The Steinsaltz Humash features several innovative elements, including Hebrew verses in clear Koren font, with vowels and punctuation. Direct translations appear in bold print for additional clarity. This is an accessible new modern English translation that is faithful to the Hebrew text and reflects Rabbi Steinsaltz’s understanding of the text.
The Steinsaltz Humash includes color photos identifying biblical objects and illustrating complicated concepts. Notes and pictures of modern archaeological and scientific findings. Maps, illustrations, and charts to clarify locations and concepts. It is also printed with supplemental background materials such as cross-references to other passages in the Torah.

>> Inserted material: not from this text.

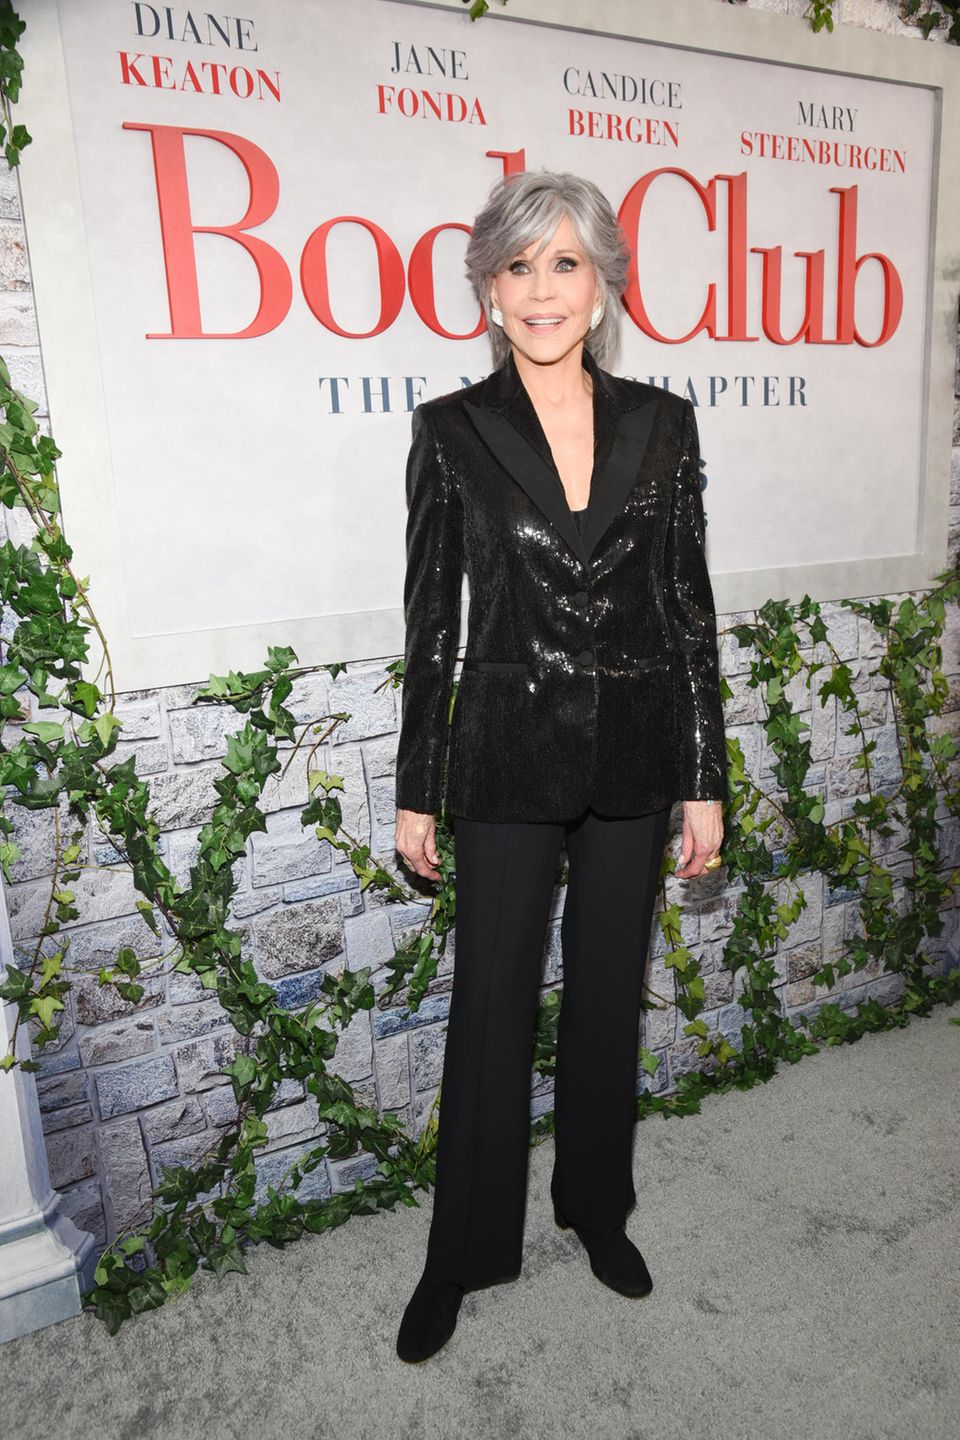 Für die Premiere von "Book Club: The Next Chapter" trägt Jane Fonda einen edlen Blazer mit Pailletten. Dazu kombiniert sie eine klassische schwarze Hose und schwarze Schuhe. Große, mit Strasssteinen besetzte Ohrringe runden den Look ab.

The Steinsaltz Humash, Second Addition
Rabbi Steinsaltz has written more than 60 books and hundreds of articles, established the Makor Chaim network of schools in Israel and the former Soviet Union, and holds several honorary degrees, including the Israel Prize for Jewish Studies and Israel’s first President’s Prize. He was born in Jerusalem IN 1934 and passed from this world in 2020.
The impact that Rabbi Steinsaltz, of blessed memory, had in spreading the learning of Torah, enhancing the understanding of our texts and religion, bringing Jews closer to their God and their faith cannot be overstated.
Rabbi Steinsaltz’s translations and commentaries of Tanakh and many more Jewish texts have placed him as perhaps the most prolific commentator of Jewish texts in history, drawing a comparison to Rashi. His countless other works on Jewish thought, Hassidut, philosophy, and more have touched the souls of thousands and have already taken their place among the core texts of modern Jewish thought.